The condensed flurry of activity is consistent with the way I have always operated.  Never have I approached modification or transition with anything other than irrepressible fervour.  I admit to the thrill of it!  I regale in the accomplishment of what needs to be done! It nonetheless astounds me to come out of a twirl still dizzy from the traffic.  The revival of innumerable habits  quells the readjustment.  It matters to have your own bed and your own things, to park in your own space, to know your neighbours, to have the familiarity of shops and streets, to recognize the radio personalities, to read the local newspapers – in a word, to be at home and to settle down.

It further buoys me in this reclining state that I have commenced a project of acquisition which has been poisoning my conscience for months. The prospect of such material reward keeps me going, like it or not!  Though this wouldn’t be the first time I’ve said, “This is it!  No more!  Enough after this one last piece!”  Oh well…it’s likely just more of that Pavlovian conditioning from my early school days.  Or maybe it’s my obsessive personality at work.  Who knows!  Who cares!

This morning I noticed from a casual review of historical records on the Millstone News that last year I advertised the closing of my law office effective April 30, 2014.  Unquestionably the commotion in my life for the past year has kept me unbalanced or at least hopping.  I have yet to throw away the relics of my professional past which have been stuffed into closet corners and desk drawers. From time to time I find myself reopening my  office computer for information. Occasionally I get a call from a former Client. But it is safe to observe that the general populace has accommodated my retirement and has borne the deprivation of my counsel.  My absorption into oblivion has been seamless.

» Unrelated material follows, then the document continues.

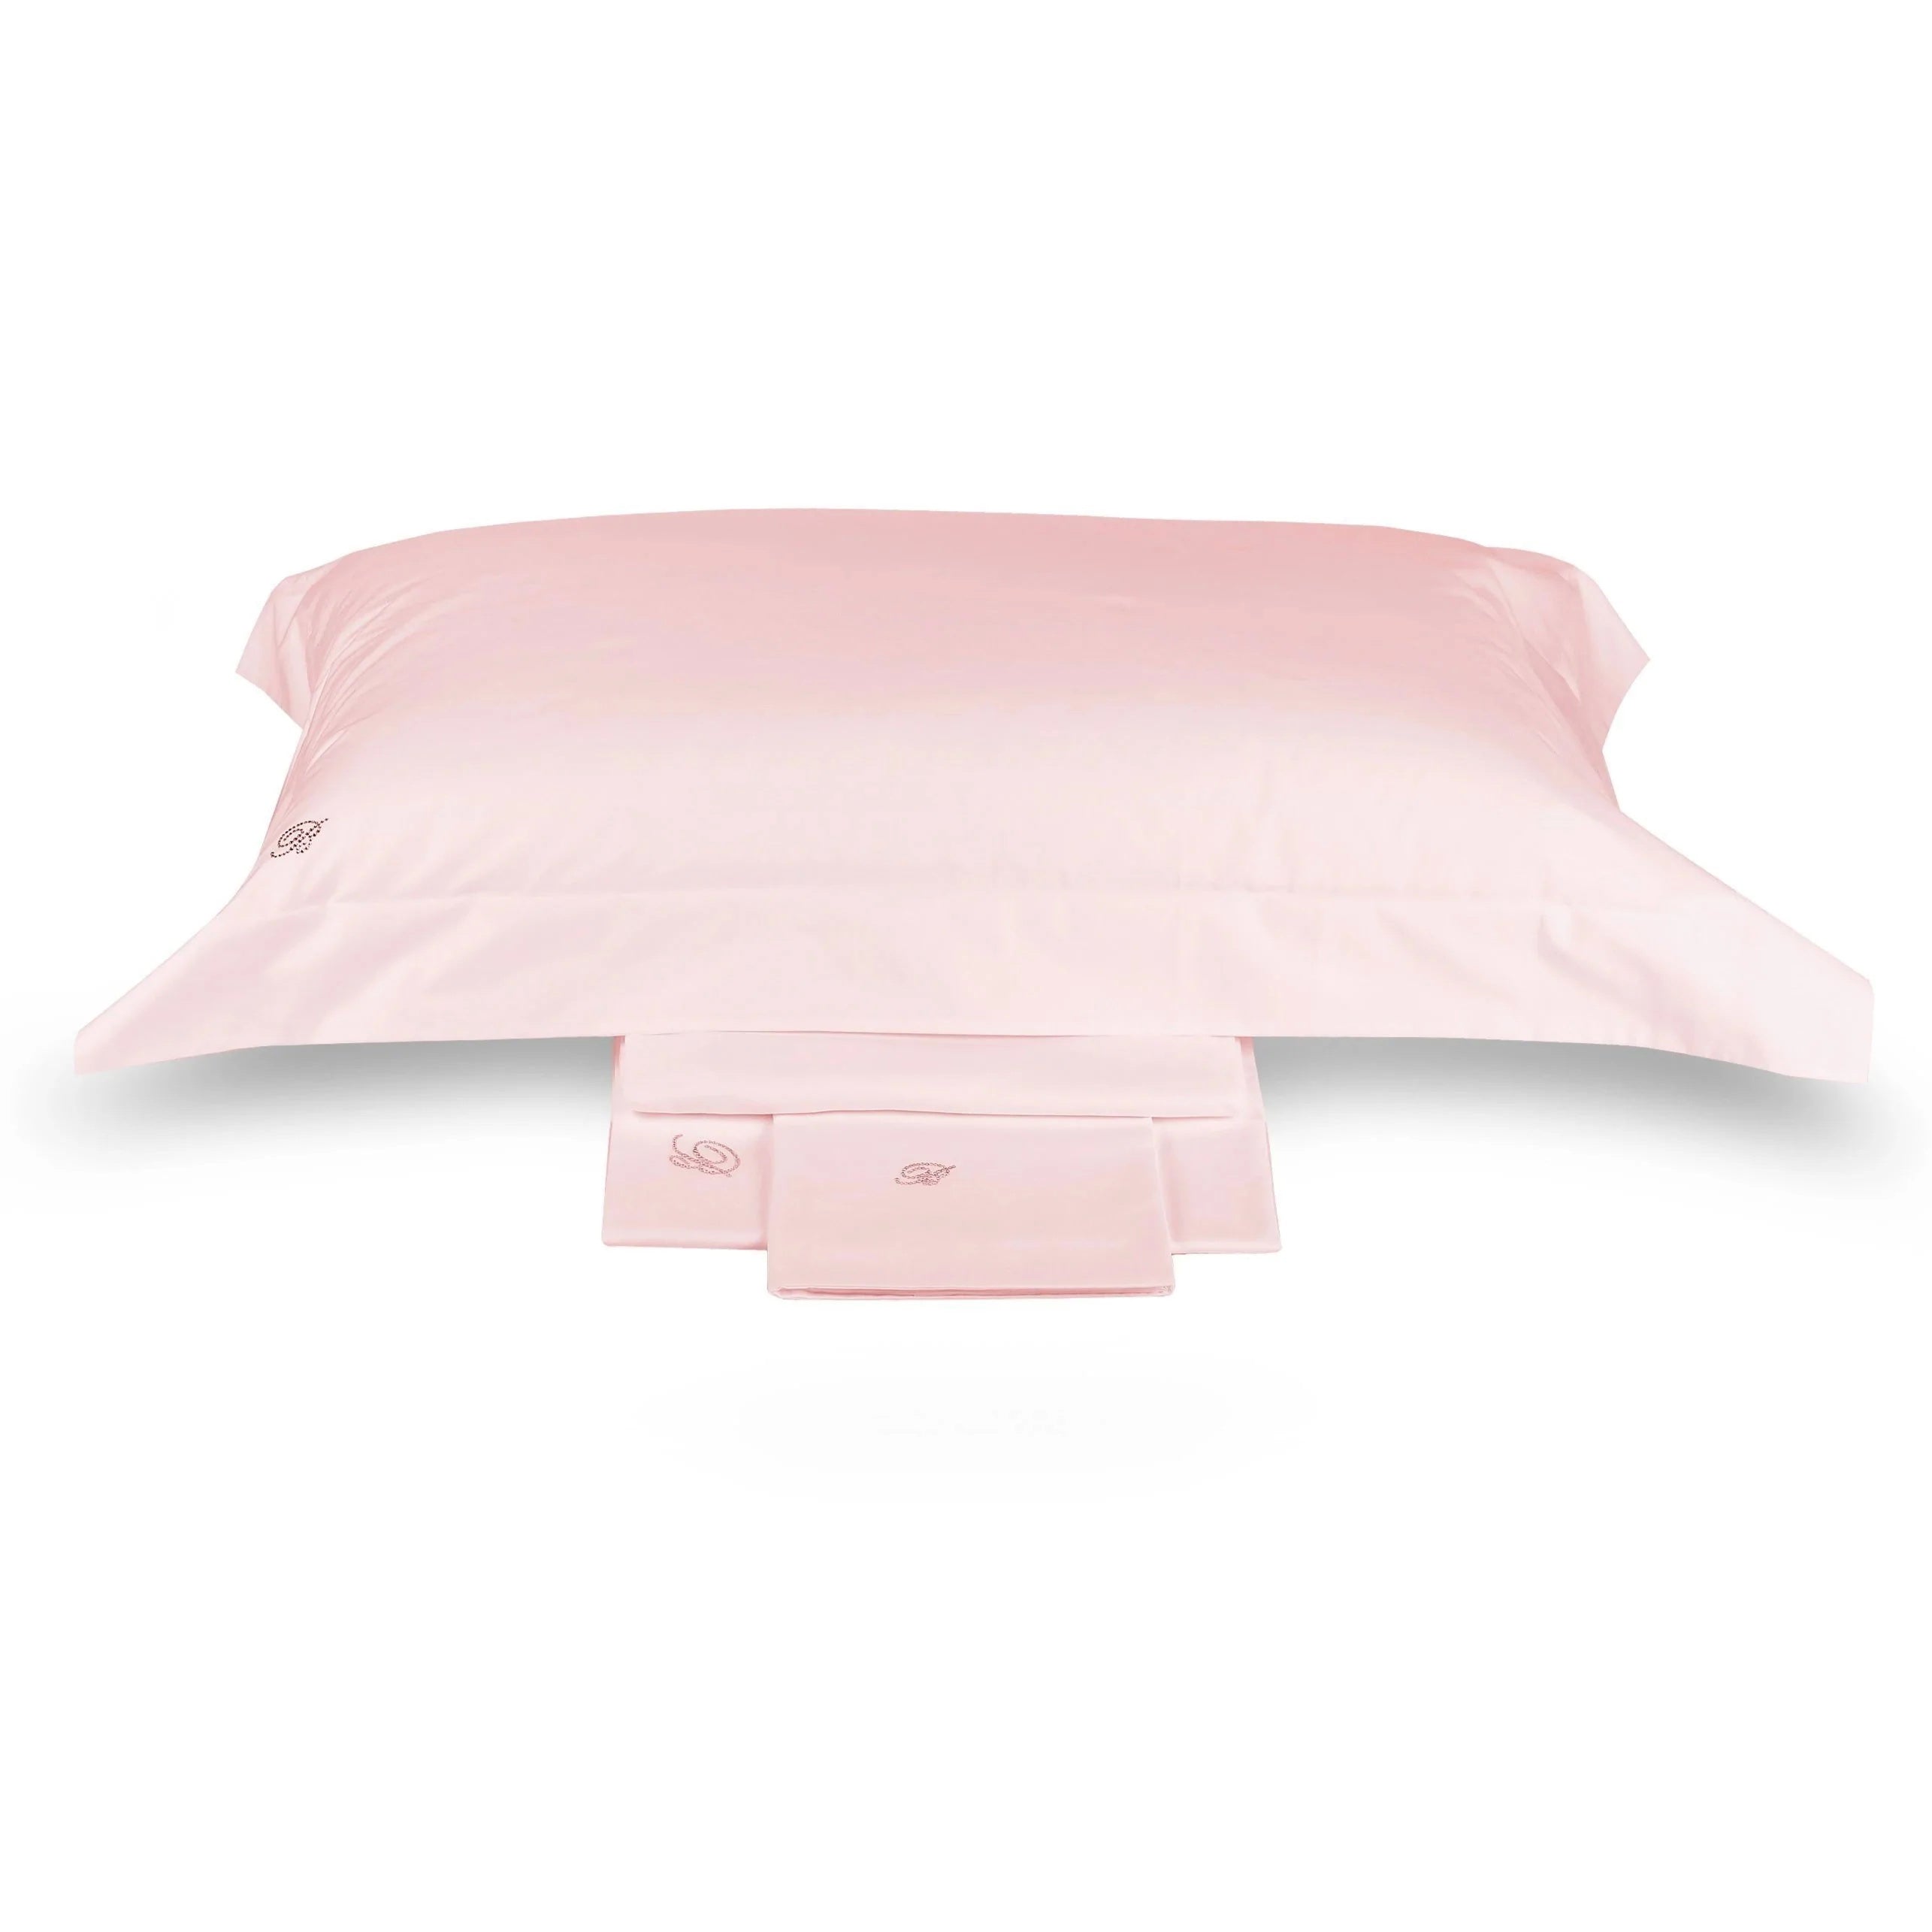 Single bed linen set Blu Valentina Blumarine

Now with the office gone, the house sold, my late father’s estate settled and the first year of wintering south behind us, I begin the comparatively less adventurous business of settling down.  I suppose one never attains a perfect pitch of frequency but we’re damn close to it. In my mind I have cut myself off from all that has passed.  Everything is new, at least my approach to it.  My finger nails and toe nails have been trimmed. I have a new haircut. I have buffed my silver jewellery. I’ll get my teeth cleaned.  The car is washed and polished. The cleaning lady has come and gone and will come again.  I haven’t any clothes that don’t fit (not because I’ve lost weight but because I’ve thrown out the other stuff). To my knowledge I have no outstanding personal disagreements. I am reconciled to perpetual sobriety (not least for the reason that my ancestors reportedly embraced the condition). While I wouldn’t go so far as to say I couldn’t give a damn what others think, conformity is certainly not a knee-jerk reaction (this isn’t so much a matter of intellectual liberation as the product of removal from the commercial stream). In short I am settling down.  Everything on the horizon excites me, just doing whatever we do!  I want to read and write, go for Vietnamese lunches, sip coffee and opine on subjects of personal and national interest. I relish the thought of spending time with family and friends, strengthening bonds and perhaps severing others. The spectre of inadequacy, insecurity and incompetence no longer threatens me even if still lingering.  The ramification of personal shortcomings is now without its consequence.  As with any commitment to settling down there are choices to be made, paths to follow, exclusions that will inevitably result.  It is logically part of the process to abandon some things while embracing others, all part of settling down.